- [Description of the task] Output each line of the listing exactly, though pictures are not to appear.

- [Data section]
⁂

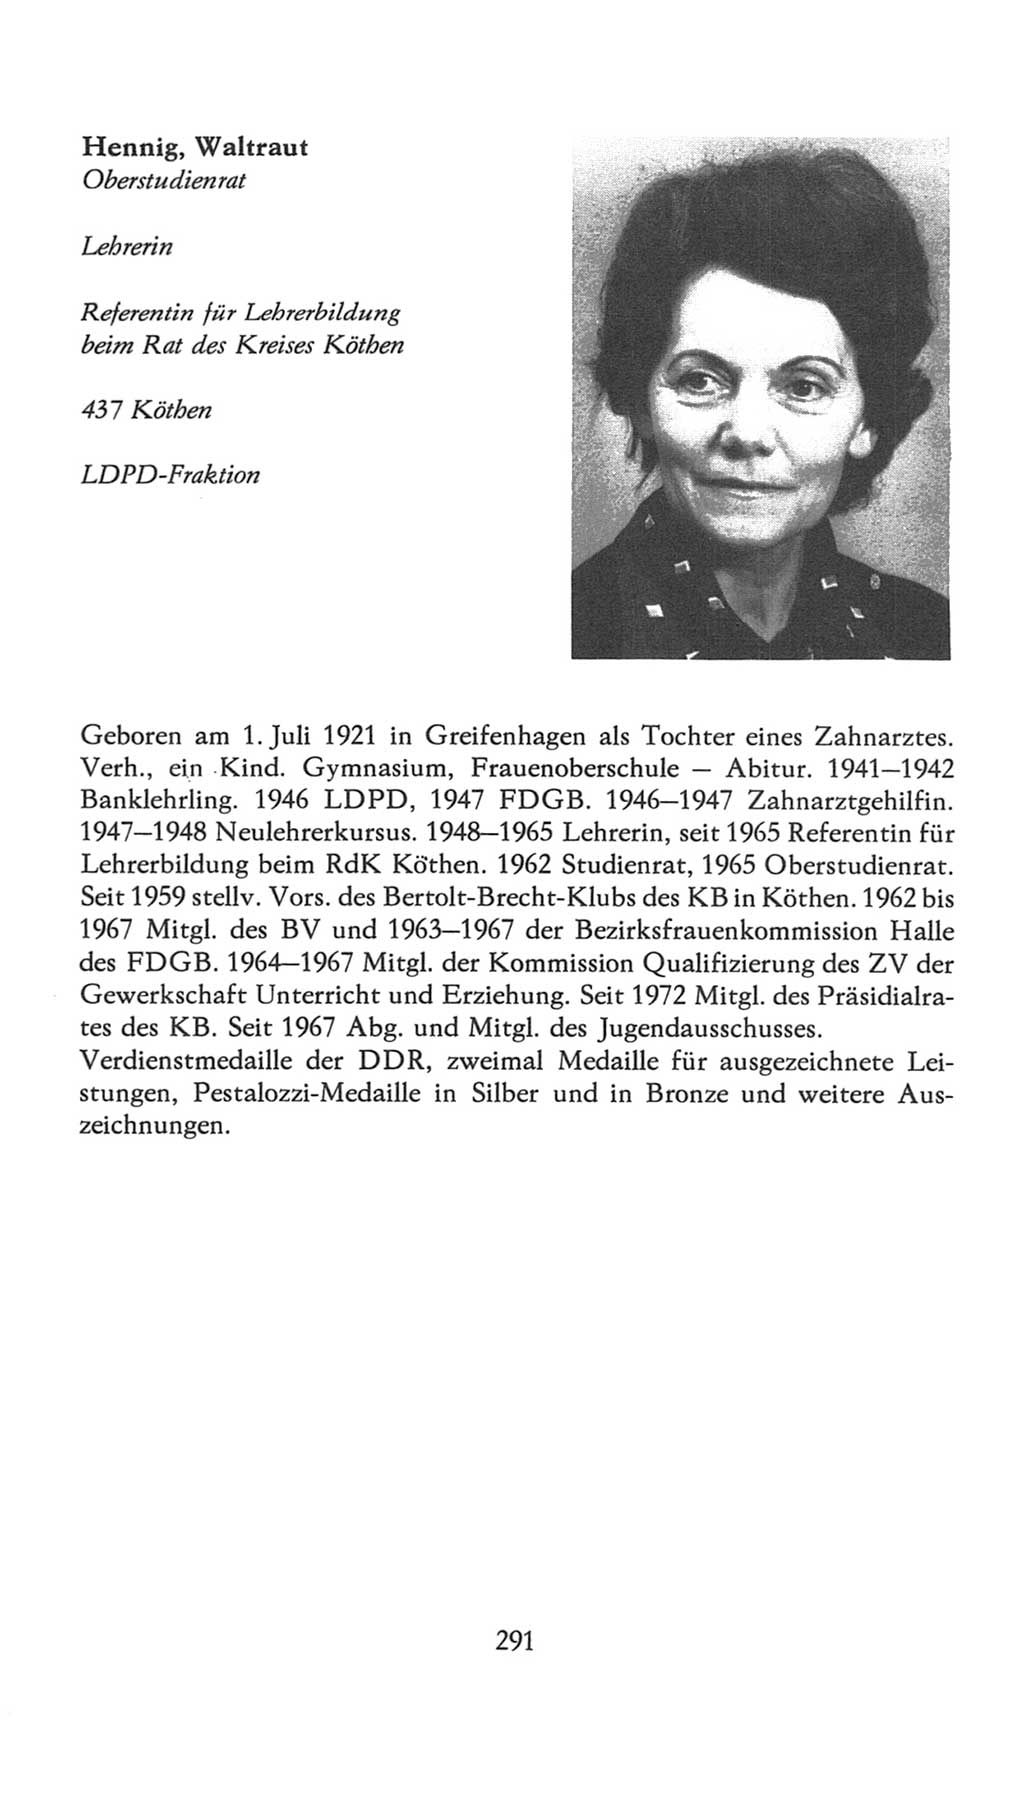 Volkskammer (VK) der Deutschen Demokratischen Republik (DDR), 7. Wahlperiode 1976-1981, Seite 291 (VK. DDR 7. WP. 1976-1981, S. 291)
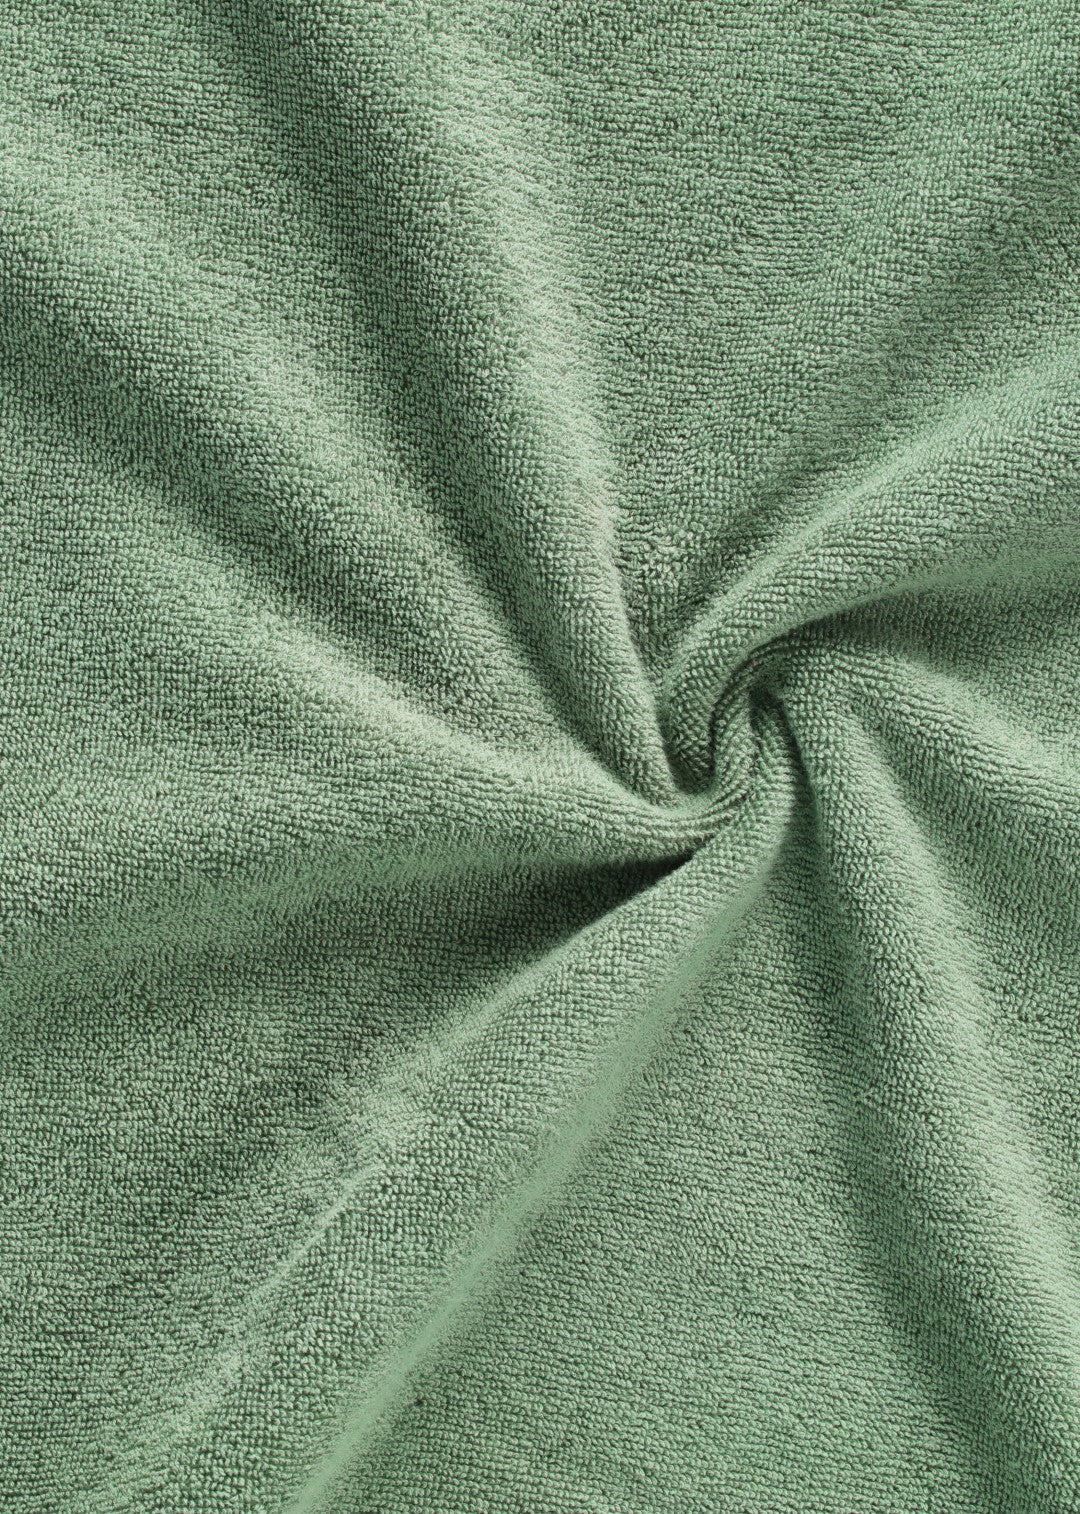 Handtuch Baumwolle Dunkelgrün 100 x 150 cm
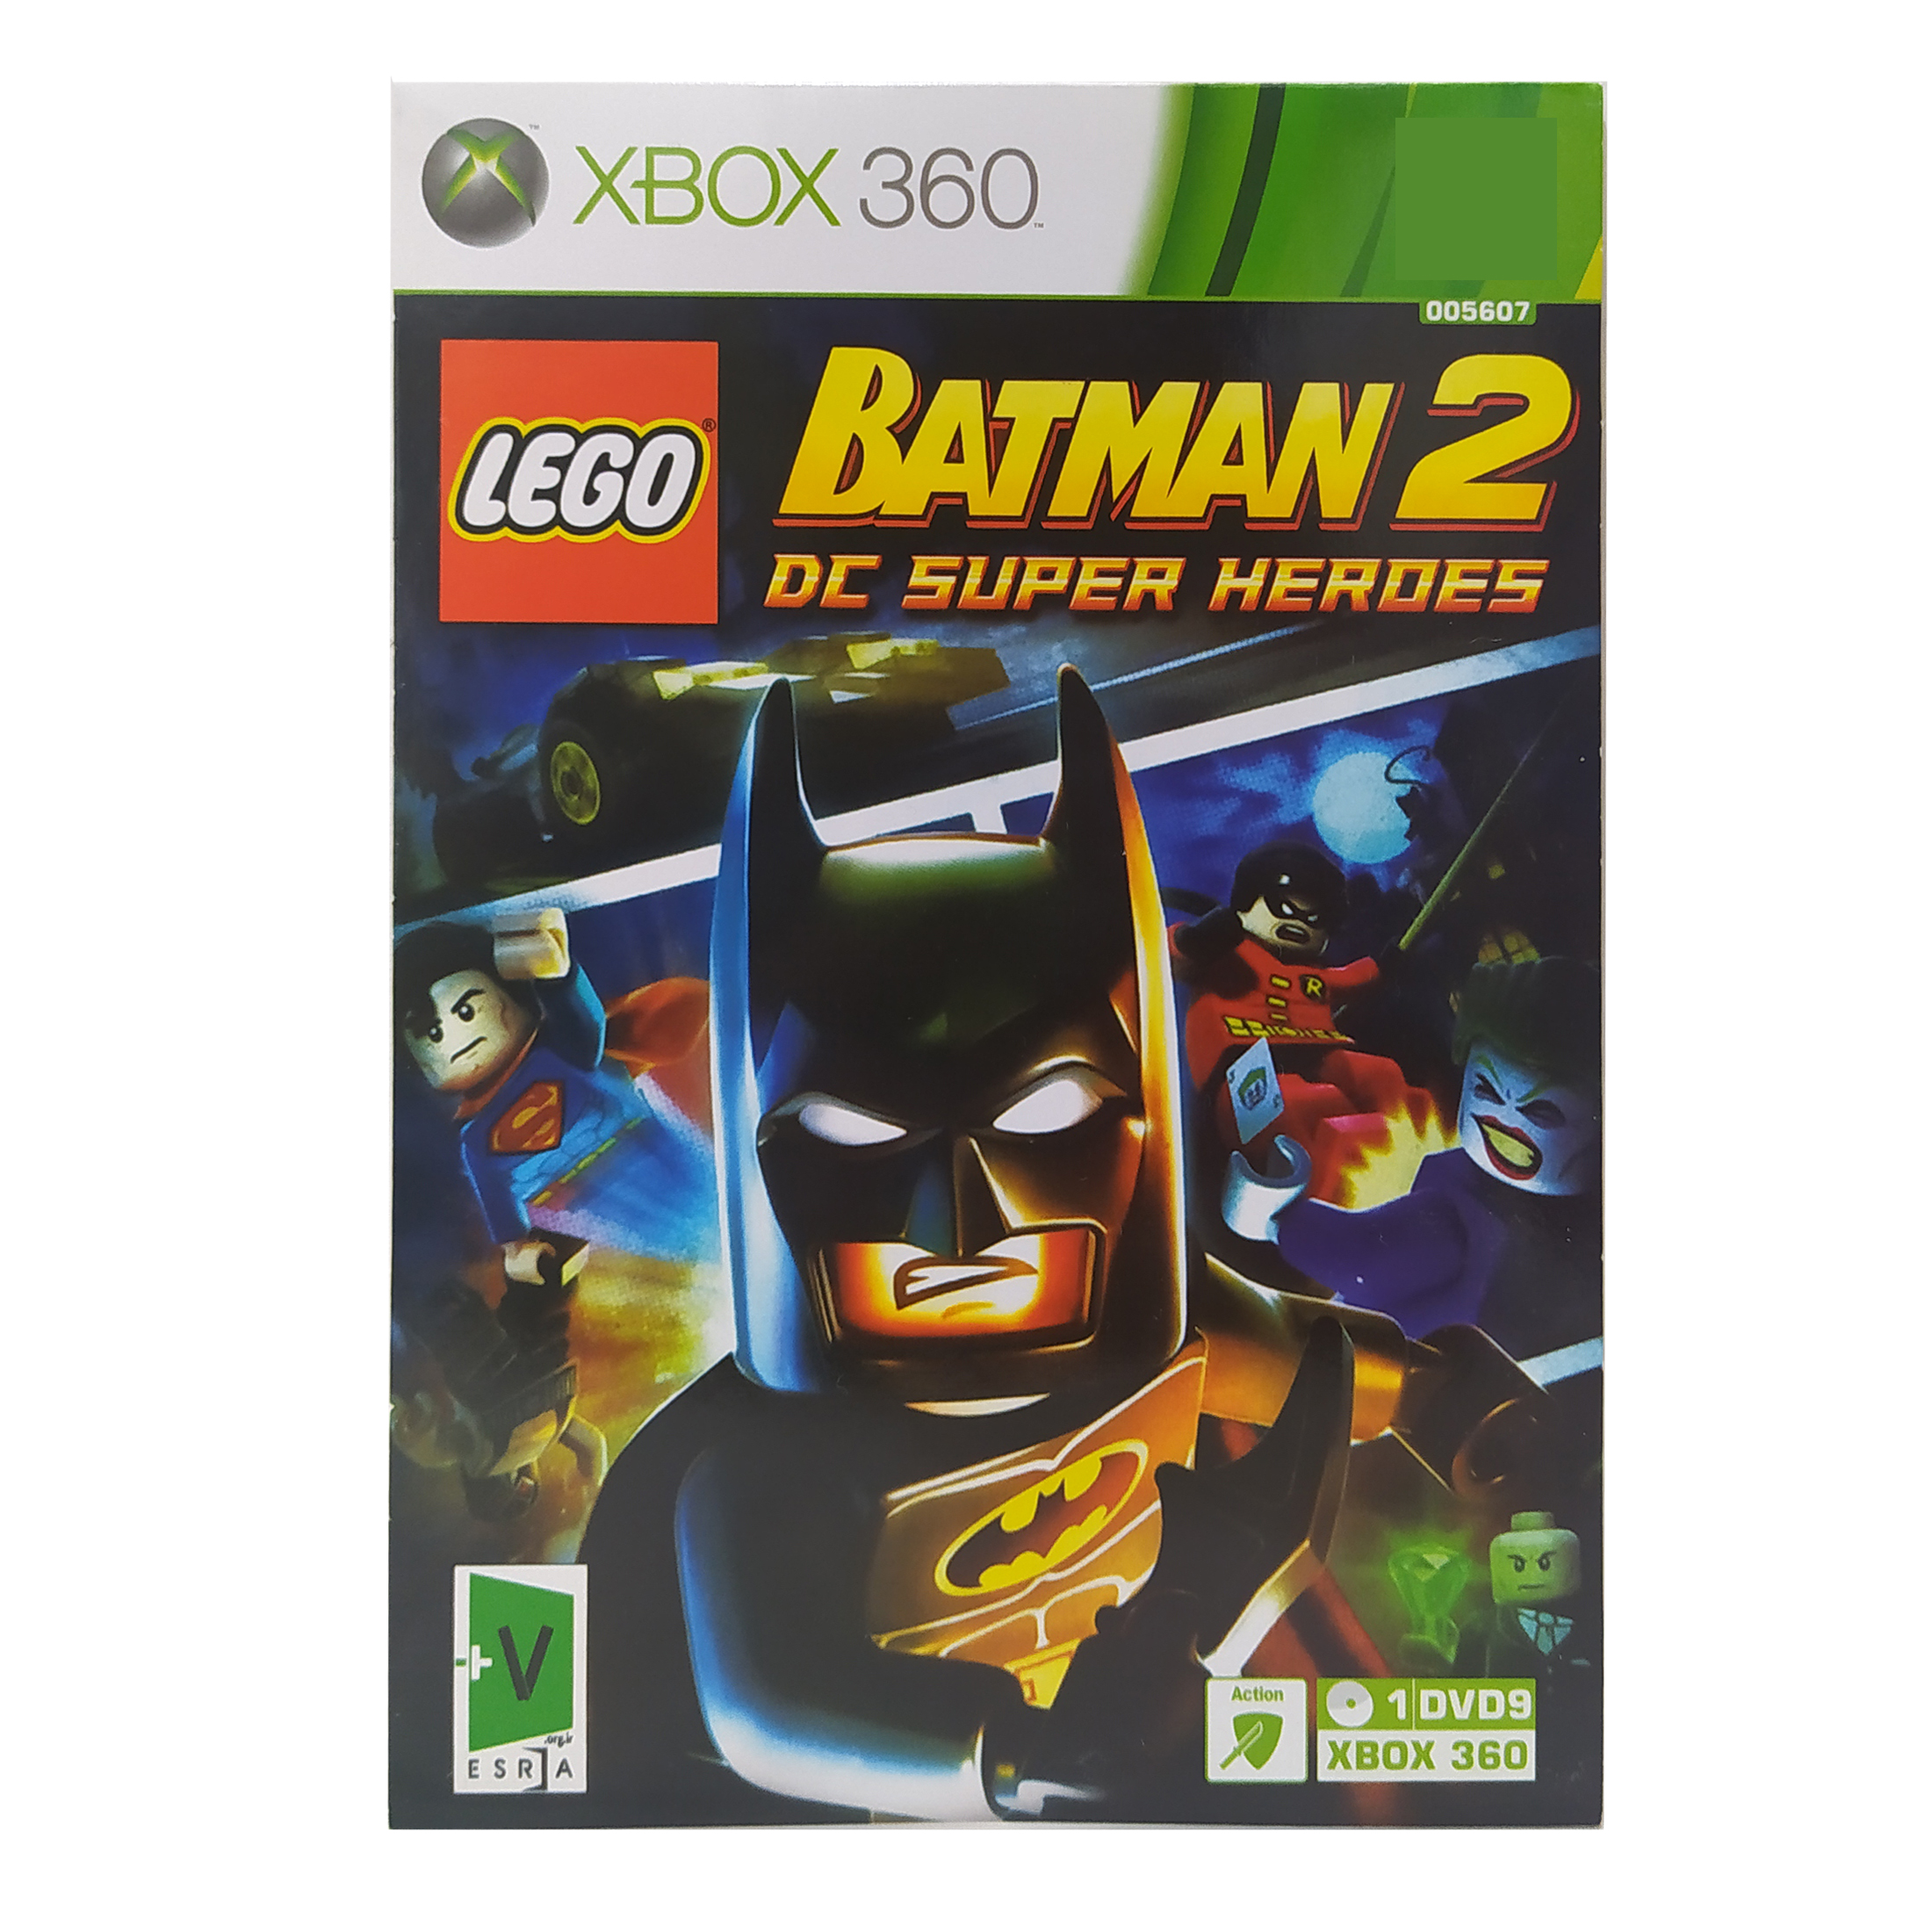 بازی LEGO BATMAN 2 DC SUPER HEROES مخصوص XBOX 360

⁂

- [The answer]
 Volkskammer (VK) der Deutschen Demokratischen Republik (DDR), 7. Wahlperiode 1976-1981, Seite 291 (VK. DDR 7. WP. 1976-1981, S. 291)
 Handtuch Baumwolle Dunkelgrün 100 x 150 cm
 بازی LEGO BATMAN 2 DC SUPER HEROES مخصوص XBOX 360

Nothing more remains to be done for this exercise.